While the executing of the Coupler and the component models is explicitly done in this NQS script, the building of executables from source code, the gathering of necessary input data files, and any other pre-execution preparation is deferred to the subscripts "cpl.setup.csh," "atm.setup.csh," "ice.setup.csh," "lnd.setup.csh," and "ocn.setup.csh." The 14 environment variables set in the NQS script may be used by the setup scripts to prepare the respective codes for execution. These environment variables are specifically intended to be used as input to the component model setup scripts - these variables are not intended to be accessed by component model executables. It is strongly suggested that component model binaries do not contain a hard-coded dependence on these environment variables. The environment variables are:

CASE: a string of one to eight characters which is the case name. Component models may also want to include this case name in their output data files to help identify the origin of that data. CASE must consist of valid UNIX filename characters. For an example, see subsection II of this User's Guide.
CASESTR: a string of zero or more characters which briefly describes the case. There is no specific restriction on length, but most component models probably wouldn't use more than the first 20 to 30 characters. Component models may want to include this case string in their output data files to help identify the origin of that data. For an example, see subsection II.
RUNTYPE: one of "initial," "continue," "regen," or "branch." Component models may need this information to create an appropriate input parameter namelist file. For an example, see subsection II.
ARCH: the machine architecture. In general, the CSM may be run on a variety of computer architectures. $ARCH specifies which architecture is being used.
MAXCPUS: an integer specifying the maximum number of CPUs each component can use for the coupled run.
MSGLIB: the message passing library being used. In general, the system may be able to use a variety of underlying message passing systems. If this is the case, $MSGLIB specifies which library is to be used.
SSD: one of "TRUE" or "FALSE." This indicates whether or not a Solid-state Storage Device (SSD) is available for use (i.e., whether the model can be run out-of-core or not). The SSD is site specific to NCAR. See the assign man page on an NCAR UNICOS system for more details.
MSS: one of "TRUE" or "FALSE." This indicates whether or not the Mass Storage System (MSS) is available for use. The MSS is site specific to NCAR. See the mswrite man page on an NCAR UNICOS system for more details.
MSSDIR: a Mass Storage System (MSS) directory path name. Component models should send their MSS data to a subdirectory of this directory. Generally $MSSDIR will be something like "/DOE/csm/$CASE/" and models will create their own MSS data subdirectory, e.g., "/DOE/csm/$CASE/ocn/." The MSS is site specific to NCAR. See the mswrite man page on an NCAR UNICOS system for more details. For an example, see subsection II.
MSSRPD: an integer specifying the MSS retention period in days. See the mswrite man page on an NCAR UNICOS system for more details.
MSSPWD: a character string to be used as the MSS write-permission password. See the mswrite man page on an NCAR UNICOS system for more details.
RPTDIR: a character string specifying an NFS-mounted directory into which component model restart pointer files are to be saved.
CSMROOT: a character string specifying an NFS-mounted directory in which component model codes are located. If all component model setup scripts make use of this variable (they may or may not use it), it can aid in transfering an entire code distribution to another machine or file system.
CSMSHARE a character string specifying an NFS-mounted directory in which component model "shared" codes are located. "Shared" code consists of subroutines or include files that should be identical between components. By accessing the same source code directory, this assures one that the same code is in fact being used.

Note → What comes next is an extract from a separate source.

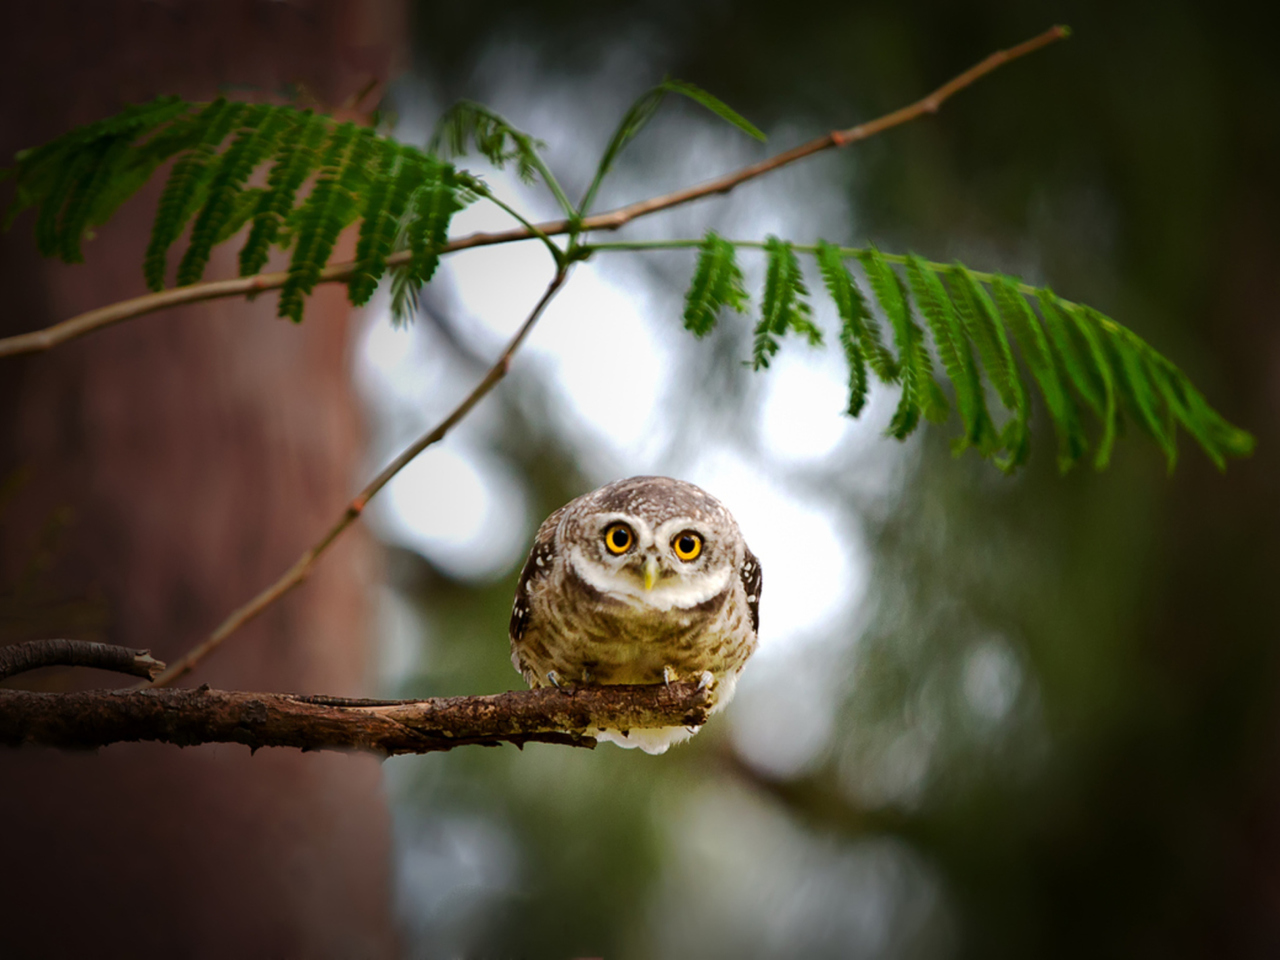 Cute And Funny Little Owl With Big Eyes wallpaper 1280x960

Here we specify the directory where the model will run, the directory where the model setup scripts are found, and the directory where stdout and stderr output data will be saved when the simulation finishes.

EXEDIR: a parent directory where the coupled system is run. Five subdirectories, atm, cpl, ice, lnd, and ocn, are created beneath $EXEDIR. All executables, source code, and all related data files are located in their respective subdirectories.
NQSDIR: the NFS-mounted directory where the Coupler and component model setup scripts "cpl.setup.csh," "atm.setup.csh," "ice.setup.csh," "lnd.setup.csh," and "ocn.setup.csh" must be located.
LOGDIR: this is where stdout and stderr output files are saved when the simulation is complete.

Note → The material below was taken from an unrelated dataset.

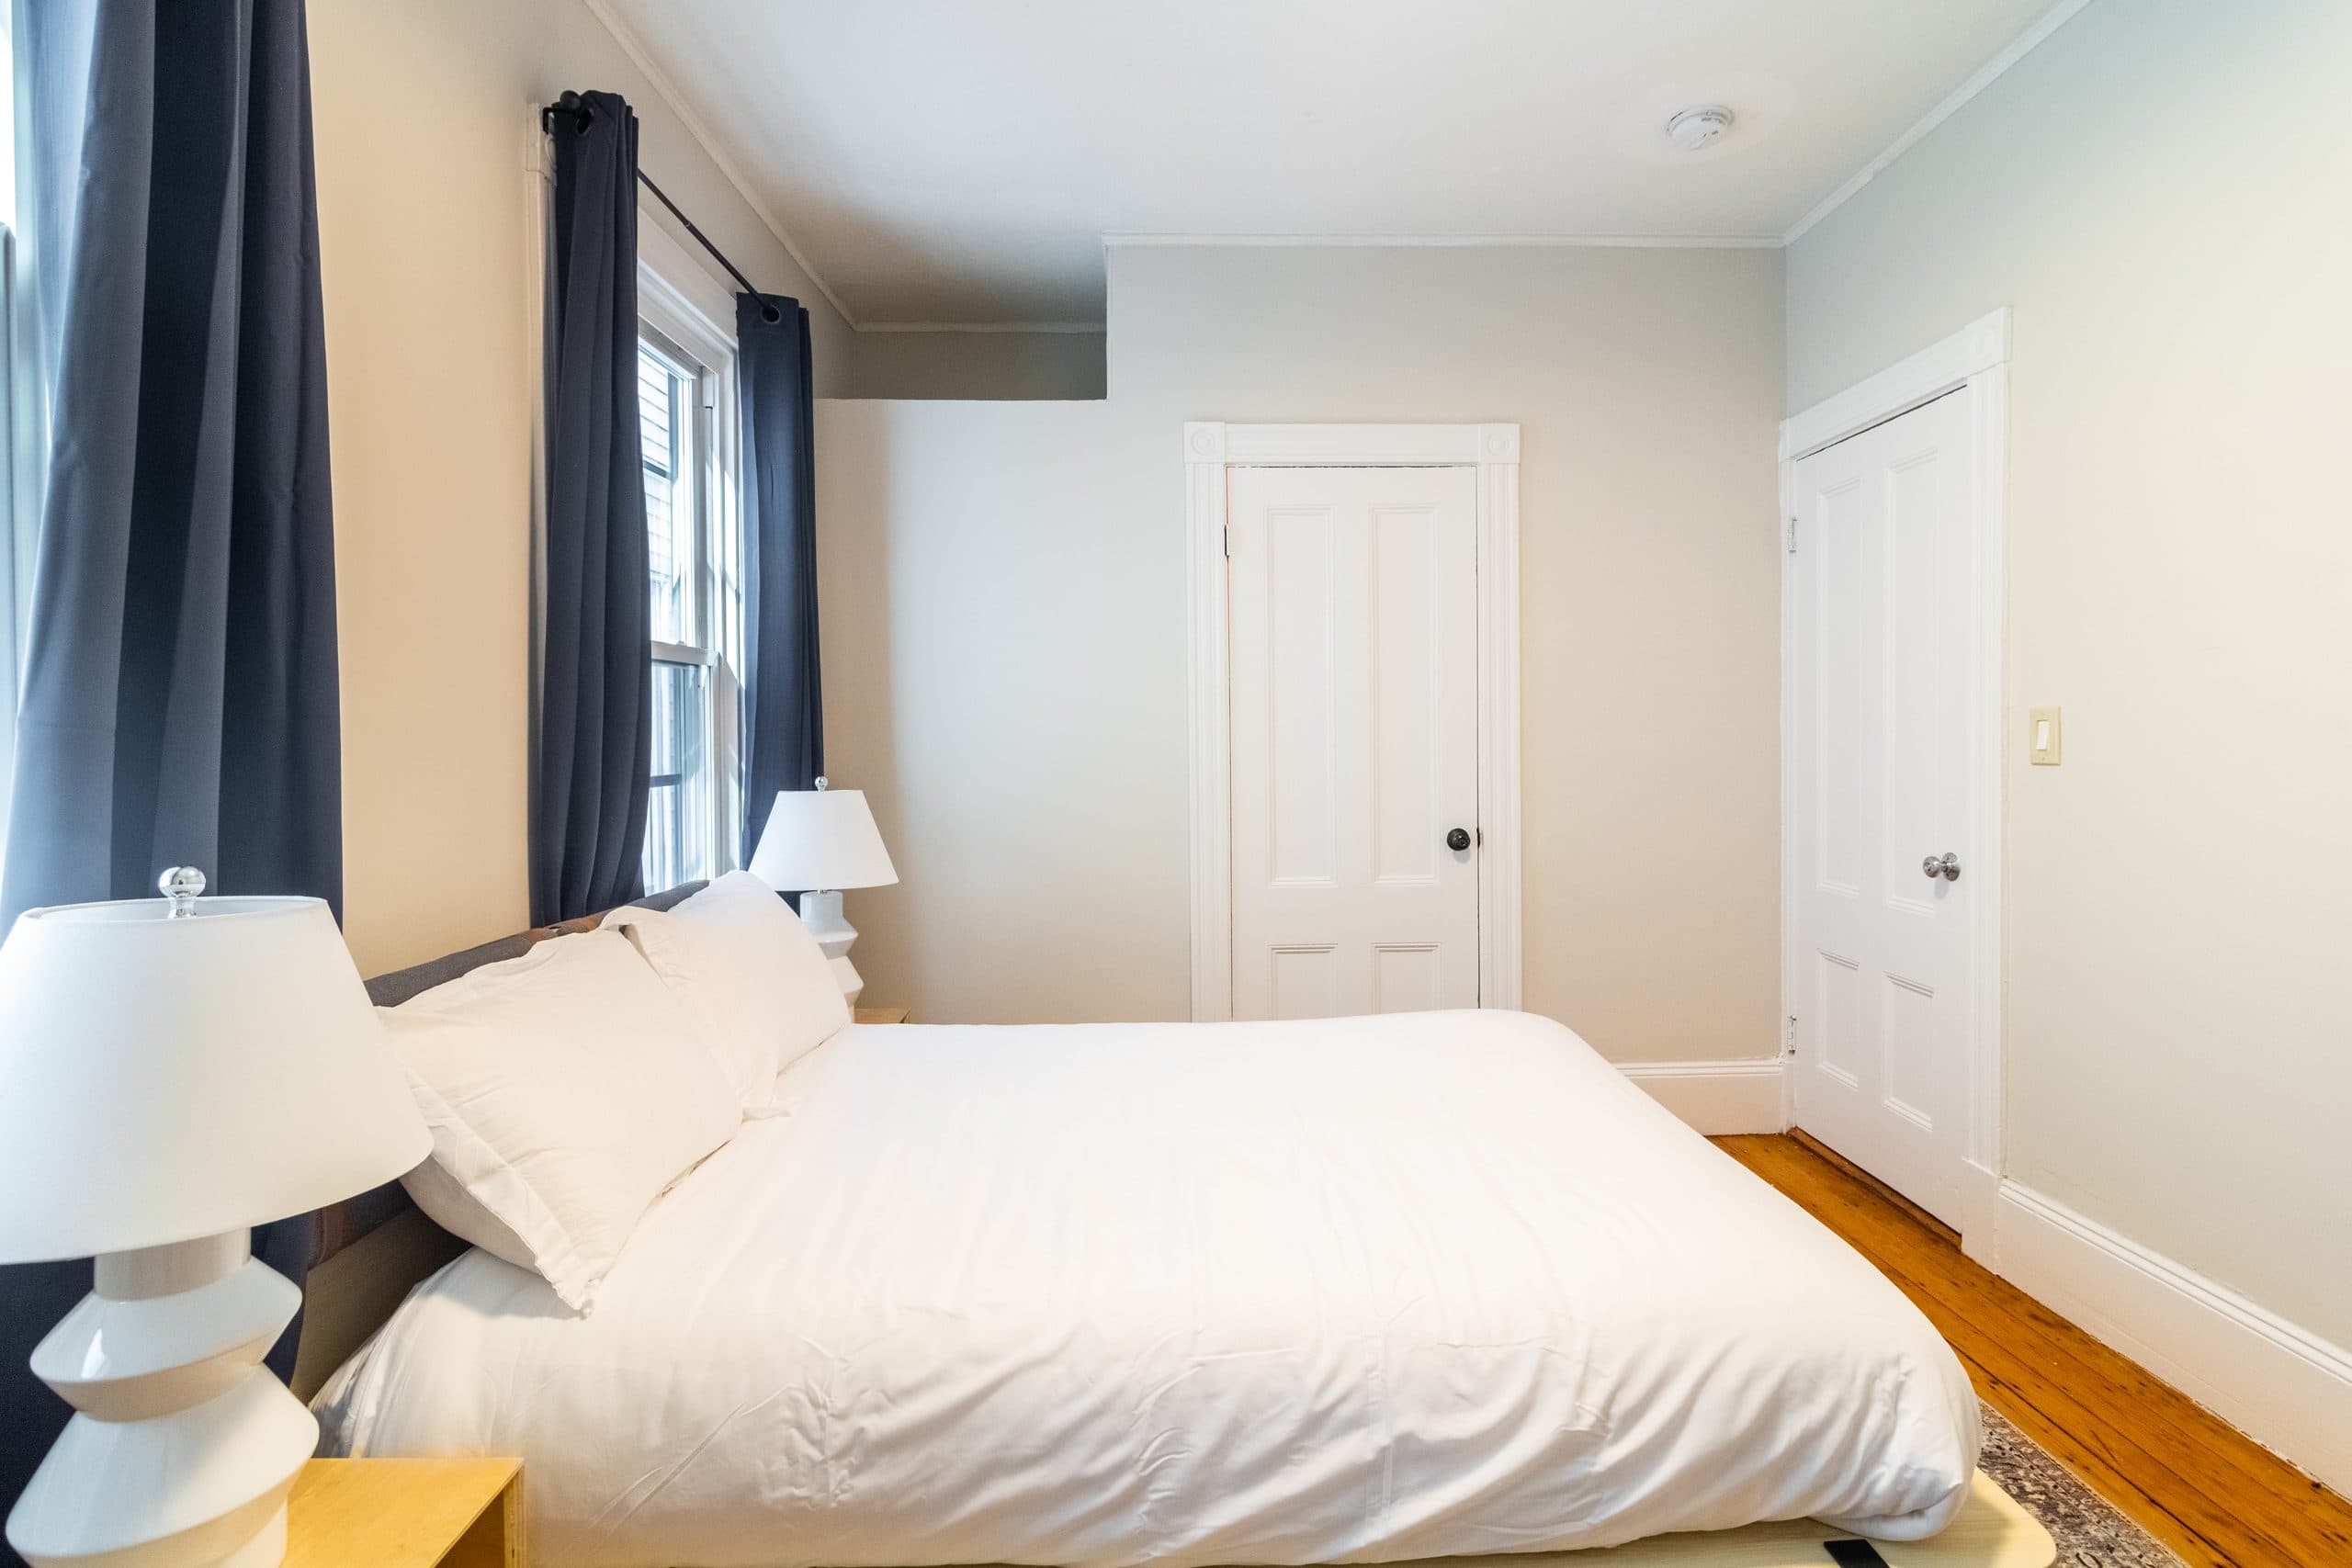 Photo 12 of #2593: Queen Bedroom A at June Homes

(d) Prepare component models for execution

Here the execution directory and component model subdirectories are created and the Coupler and component model setup scripts are invoked. The purpose of the setup scripts is to build their respective executable codes, document what source code and data files are being used, and gather or create any necessary input data files. It is recommended that each component model have it's own, separate setup script. This natural decomposition of code allows the persons responsible for a given model to create an appropriate setup script for their model without being confused by the details of another model. Setting $FILENV to ./.assign allows each executable to create and use it's own, independent assign file. Assign is a UNICOS specific file I/O utility that may or may not be used by the various executables. See the assign man page on a UNICOS system for more details.

(e) Execute component models simultaneously

In section (d), via the setup scripts, all necessary pre-execution preparations were taken care of. At this point, all models are ready to be run. In this section we execute the Coupler and all component models simultaneously as background processes. Command line environment variables allow one to specify different numbers of CPUs to the different component models. The "-l" command line options are used by the message passing system, MPI, to assign logical process numbers to the component models. The "-t 600" options tells MPI how many seconds to wait for a message to be received before assuming that an error has occured the message will never be sent. The ja command is a UNICOS job accounting utility which provides data on CPU time used, memory used, etc. See the ja man page on a UNICOS system for more details.

(f) Save model output (stdout & stderr)

A separate stdout output file, combined with the stderr output, from each component model is compressed and saved to the directory $LOGDIR.

Fri 07 Aug 1998, 12:00:00